* **INSTRUCTIONS TO FOLLOW**: Below are some records; find each line that carries the word "Reuters" and copy it.

* **GIVEN RECORDS**:
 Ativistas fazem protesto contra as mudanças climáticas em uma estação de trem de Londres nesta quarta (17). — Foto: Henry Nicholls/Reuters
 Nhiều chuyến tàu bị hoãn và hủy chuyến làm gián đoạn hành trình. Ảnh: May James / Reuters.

...

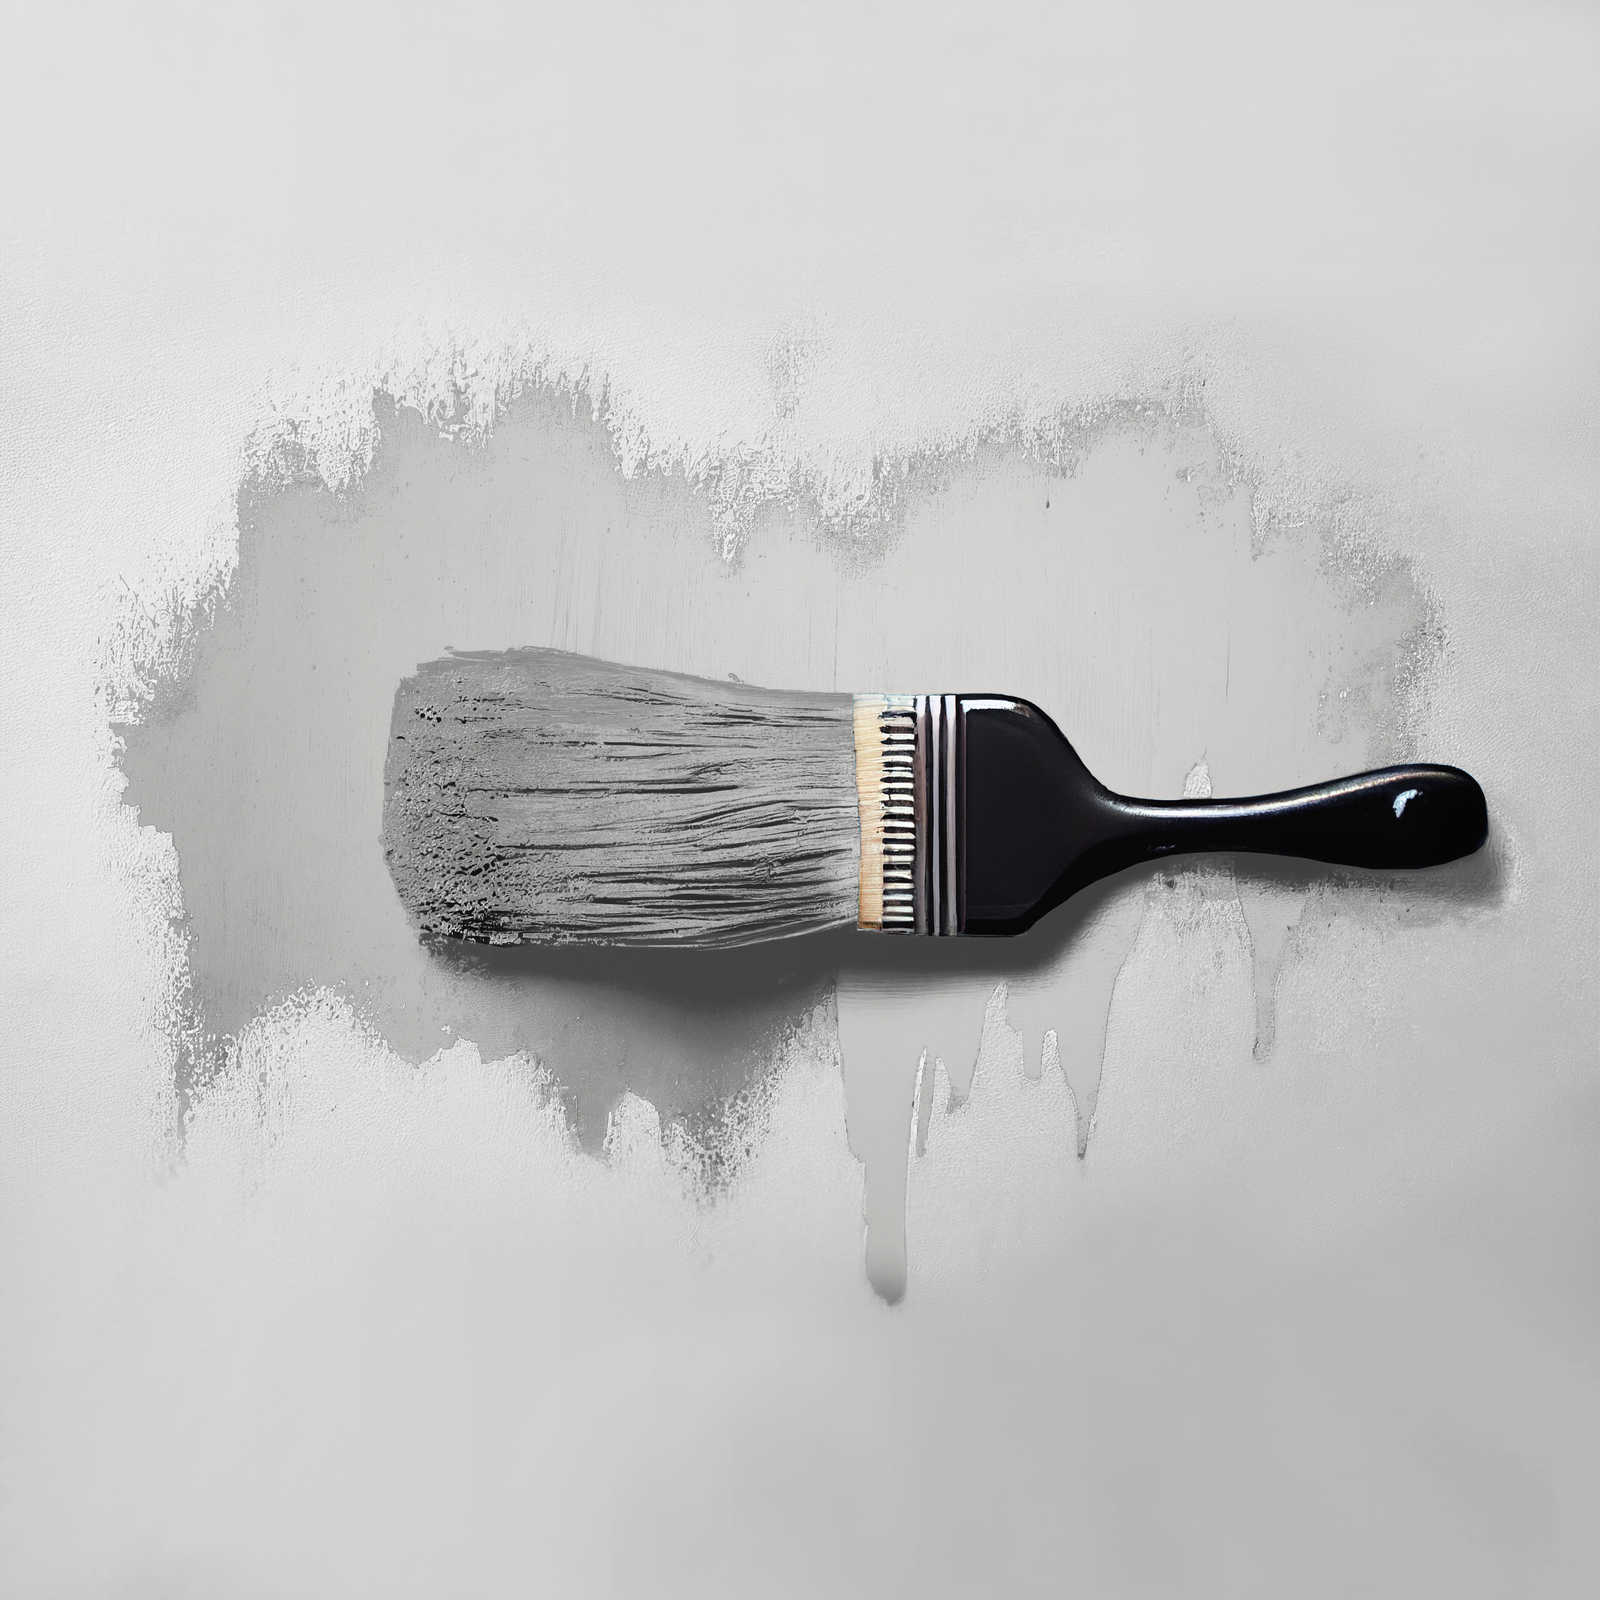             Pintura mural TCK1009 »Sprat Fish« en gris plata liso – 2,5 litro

* * *

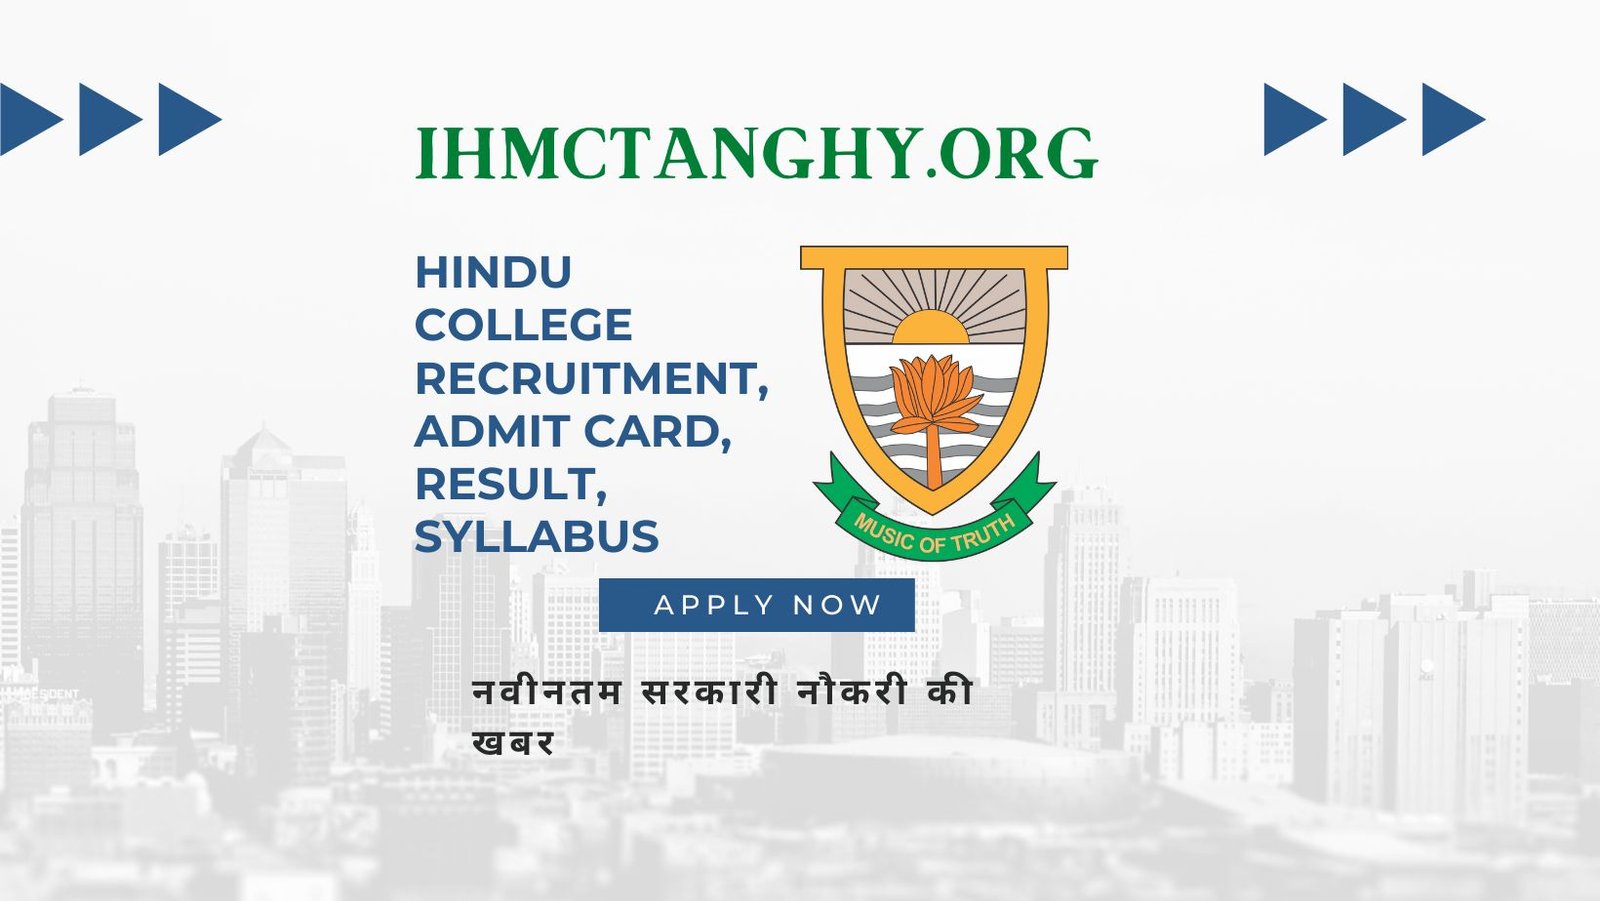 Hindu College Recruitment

* **RESULT OF THIS TASK**:
 Ativistas fazem protesto contra as mudanças climáticas em uma estação de trem de Londres nesta quarta (17). — Foto: Henry Nicholls/Reuters
 Nhiều chuyến tàu bị hoãn và hủy chuyến làm gián đoạn hành trình. Ảnh: May James / Reuters.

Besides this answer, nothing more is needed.